The main concrete wins are a fully robust (1+ε)-approximation for F2 in poly(log n, 1/ε) space, a robust heavy-hitters algorithm for L2, and a general reduction for symmetric functions with an approximate triangle inequality. The framework is recursive over a B-ary stream decomposition, so each sketch only needs to survive a bounded number of adaptive interactions. For F2, they claim optimality up to poly((log n)/ε) factors, and they emphasize that this creates an exponential separation between linear sketches and non-linear methods for adversarial robustness in turnstile streams.
Key findings
- Theorem 1.3: adversarially robust insertion-deletion F2 estimation achieves a (1+ε)-approximation at all times using poly(1/ε, log n) bits for streams of length m = poly(n).
- Theorem 1.4: adversarially robust L2 heavy hitters are recoverable at all times in poly(1/ε, log n) bits on length-m = poly(n) turnstile streams.
- Theorem 1.5: any symmetric function with a β-approximate triangle inequality and a non-adaptive κ-approximate turnstile sketch can be made adversarially robust with ˜O(n^{1/C})·S(n) bits for any constant C > 1, at the cost of a 2^{O(C)}-type approximation blowup (stated as κ^{O(C)} / κ^{O(c)} in the text).
- The paper states that for F2 the space bound is optimal up to poly((log n)/ε) factors, citing the non-adaptive lower bound of BZ25.
- The authors claim their result overturns the conjecture that robust turnstile streaming with m = poly(n) needs Ω(n) space.
- They argue that their algorithms are non-linear overall, even though they repeatedly use linear sketches internally; this is necessary to bypass the Ω(n) lower bounds for robust linear sketches from GLW+24/GLW+25.

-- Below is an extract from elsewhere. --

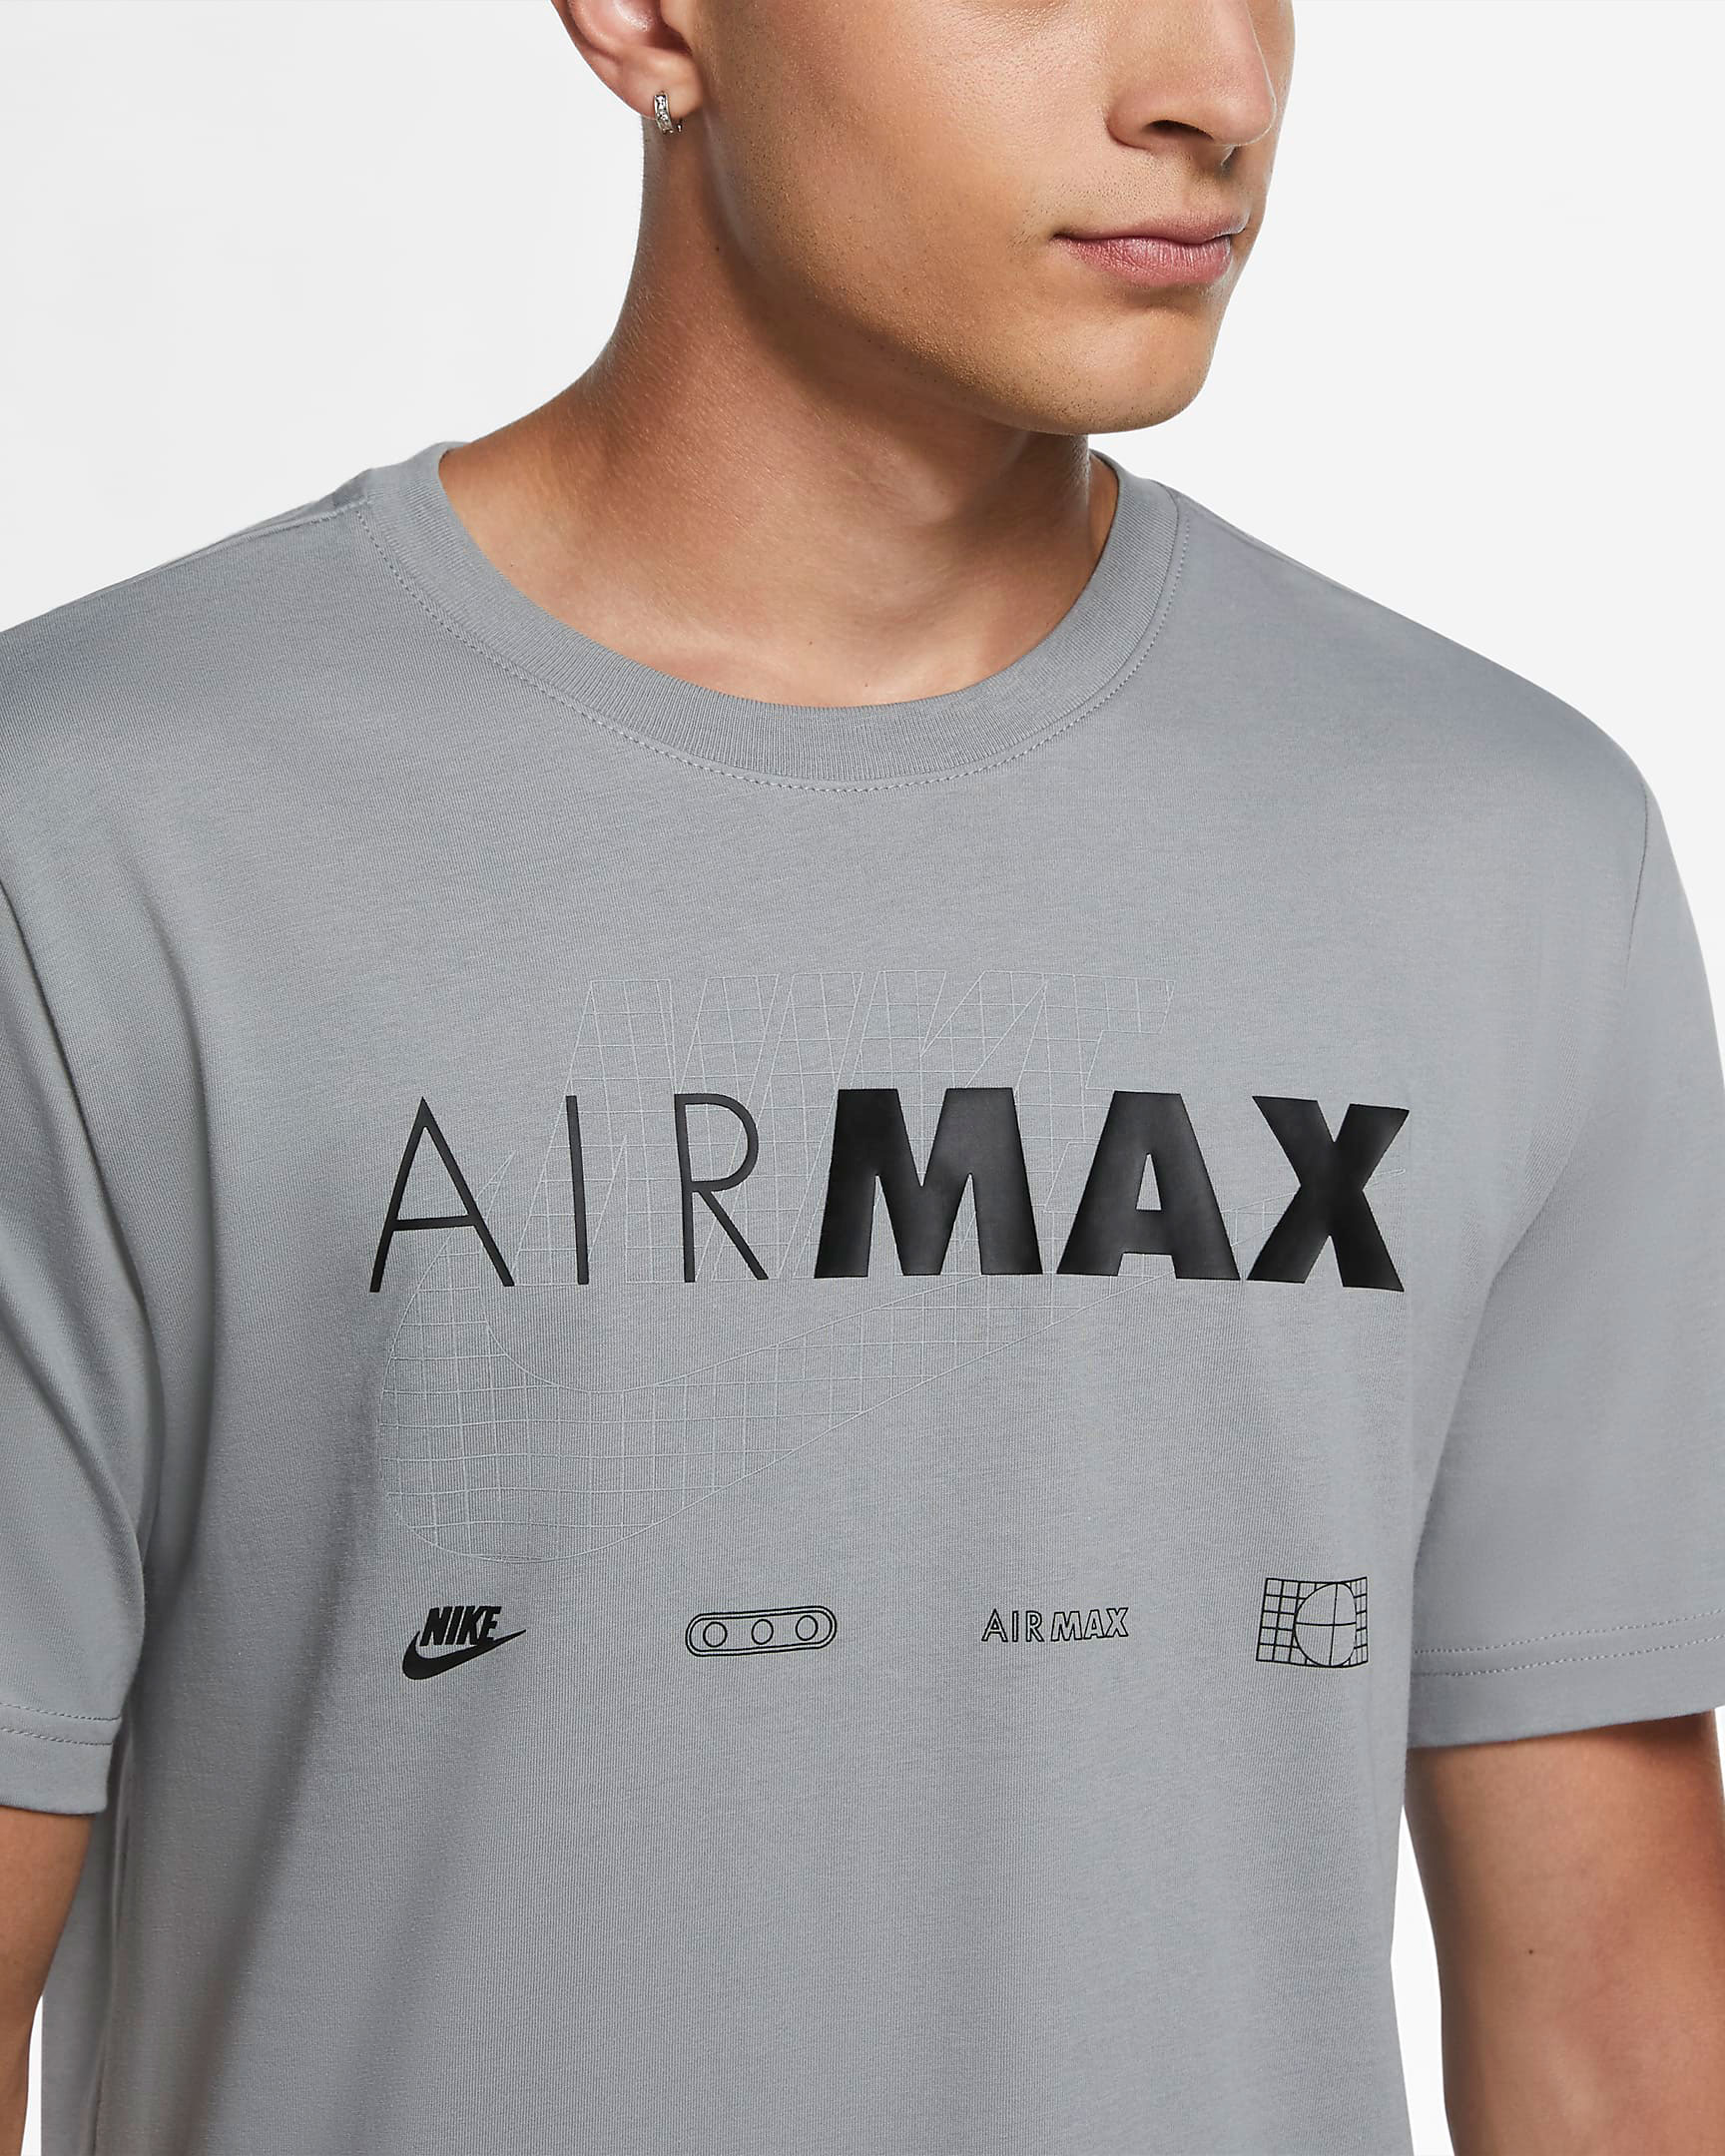 nike-air-max-95-neon-grey-t-shirt-match

- The framework applies to L1, F0, p-norms for p < 1, and losses such as Huber and M-estimators, according to the theorem statement and introduction.
Threat model
The adversary is adaptive and potentially fully malicious: after each update, it observes the algorithm’s output and may choose the next update based on the whole transcript so far. The algorithm is randomized, single-pass, and must remain accurate on every prefix of a turnstile stream of length m = poly(n). The adversary cannot see the internal random seed directly, but may infer it indirectly through repeated outputs; the algorithm’s design explicitly limits how many informative interactions any one sketch can endure.
Methodology — deep read
Threat model and assumptions: the adversary is fully adaptive and can choose each next update based on the entire transcript of previous updates and all algorithm outputs. The model is turnstile/insertion-deletion, so each update is a signed change (at, Δt) to a coordinate of the implicit frequency vector x, with stream length m = poly(n) and update magnitudes bounded by poly(n). The algorithm must remain accurate at every prefix x(t), not just at the end. The paper explicitly notes that for lower bounds against linear sketches, the adversary’s power is to query the algorithm enough times to infer the initial random sketch and then tailor a bad future update sequence.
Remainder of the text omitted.